The skeleton of an amorphous alloy transformer mainly refers to the structural components that support and fix the iron core and windings, playing a crucial role in ensuring the mechanical strength and electrical performance of the transformer. Here is a detailed introduction:

　　Structure and Function

　　Supporting the Core and Windings: The skeleton provides a stable framework to hold the amorphous alloy core and windings in place, ensuring they maintain their relative positions during operation. For example, in a three - phase five - column amorphous alloy transformer, the skeleton needs to accurately position each column of the core and the corresponding windings.

　　Mechanical Fixing: It withstands mechanical forces generated during the operation of the transformer, such as electromagnetic forces and vibration forces, and prevents the core and windings from shifting or deforming. In the case of short - circuit faults, it also needs to have sufficient strength to withstand the huge short - circuit impact force.

　　Electrical Insulation: The skeleton needs to have good electrical insulation properties to isolate the core from the windings and between different windings to prevent electrical breakdown and ensure the safe operation of the transformer.

　　Common Structural Forms

　　Rectangular Framework: As shown in some patent documents, there is a rectangular insulating framework arranged inside the low - voltage coil. This structure can effectively support the winding and has a certain space to accommodate the wires.
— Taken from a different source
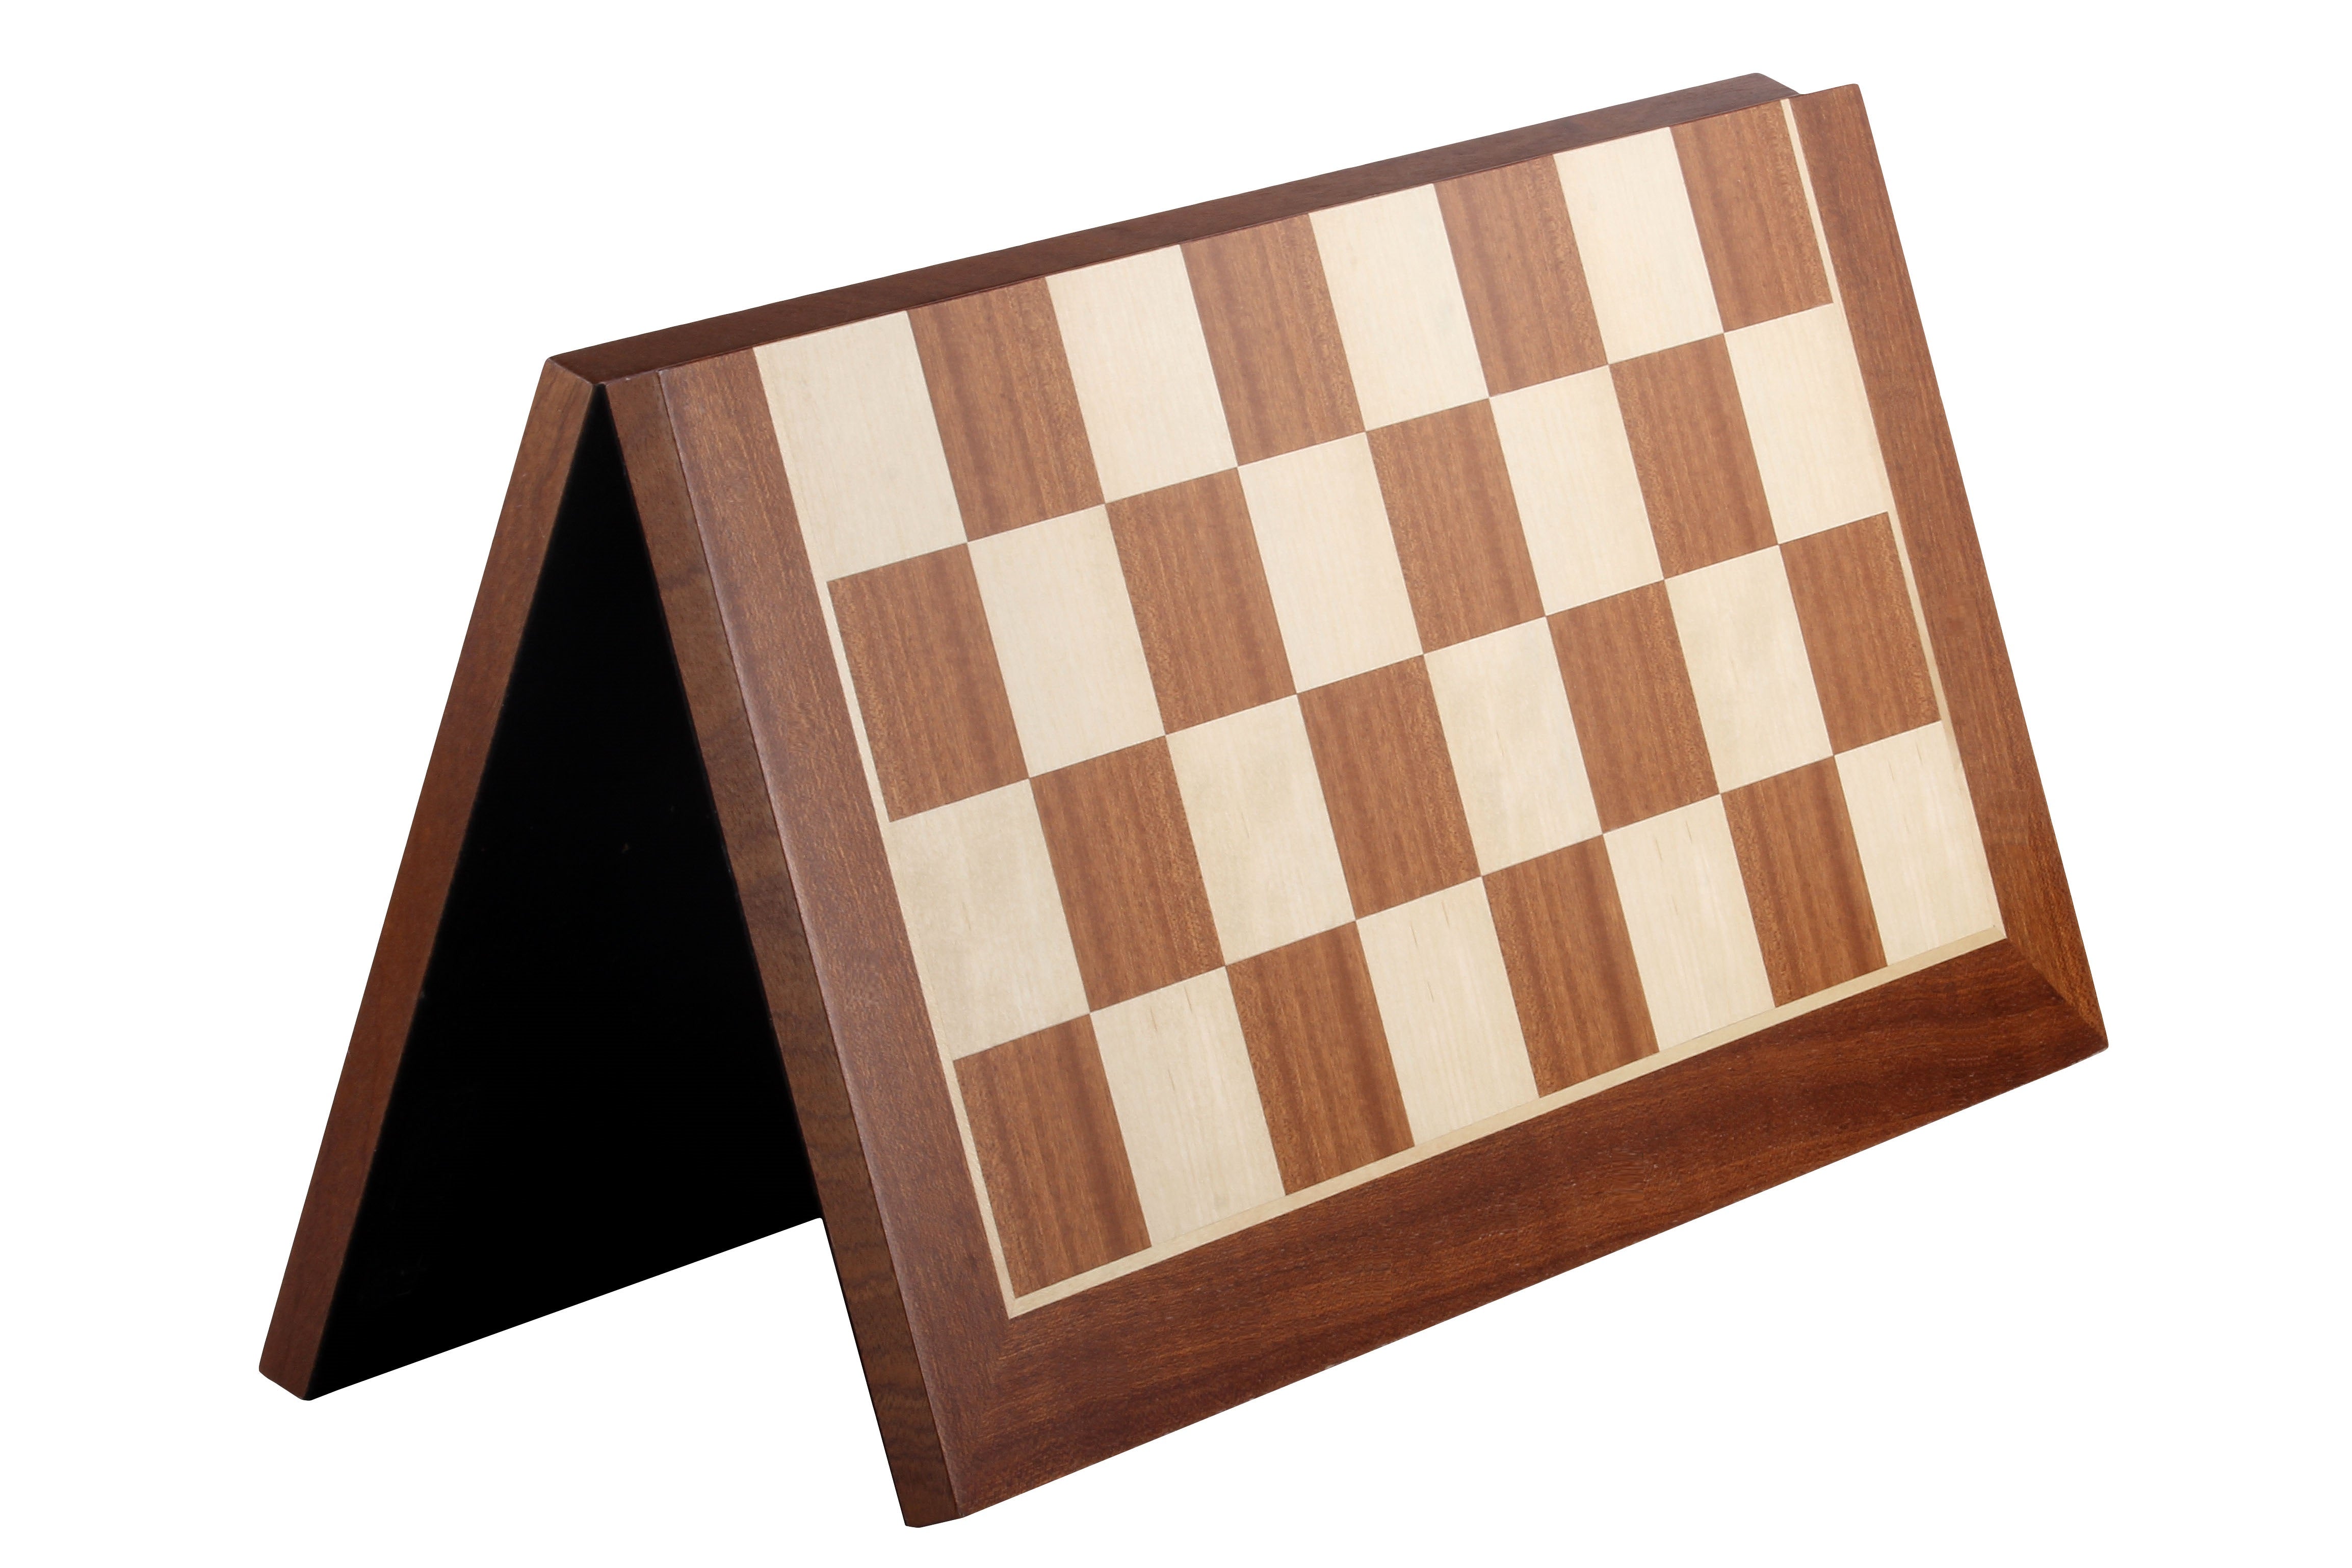 Turnier Schachbrett aus Mahagoni und Buchahorn, klappbar, Feldergröße 58 mm

At the same time, it can also play an insulating role.

　　Combined Framework: For some large - capacity or special - structure amorphous alloy transformers, a combined framework structure may be adopted, which is composed of multiple parts to jointly complete the functions of supporting, fixing, and insulating the core and windings.

　　Materials

　　Insulating Plastics: Such as BMC (Bulk Molding Compound) unsaturated polyester dough molding plastics, which have excellent electrical performance, mechanical properties, heat resistance, and chemical corrosion resistance, and are often used to make insulating partitions and other components in the transformer skeleton.

　　Insulating Papers and Films: Materials such as polyester films are also commonly used in the skeleton structure. For example, the conductor of the SCBH15 amorphous alloy core dry - type distribution transformer is integrally covered with DuPont polyester film, which can not only play an insulating role but also protect the conductor.

　　Influence on Transformer Performance

　　Short - Circuit Resistance: A reasonable skeleton structure can effectively transfer the radial force generated by the coil during a short - circuit to the skeleton and clamping pieces, avoiding damage to the amorphous alloy core and improving the short - circuit resistance of the transformer.

　　Insulation Performance: The insulation performance of the skeleton material and structure directly affects the overall insulation level of the transformer. Good insulation can ensure the long - - term stable operation of the transformer without aging or breakdown.

　　Mechanical Stability: A strong and stable skeleton can reduce the vibration and noise of the transformer during operation, improve the mechanical stability of the transformer, and is conducive to the long - term reliable operation of the transformer.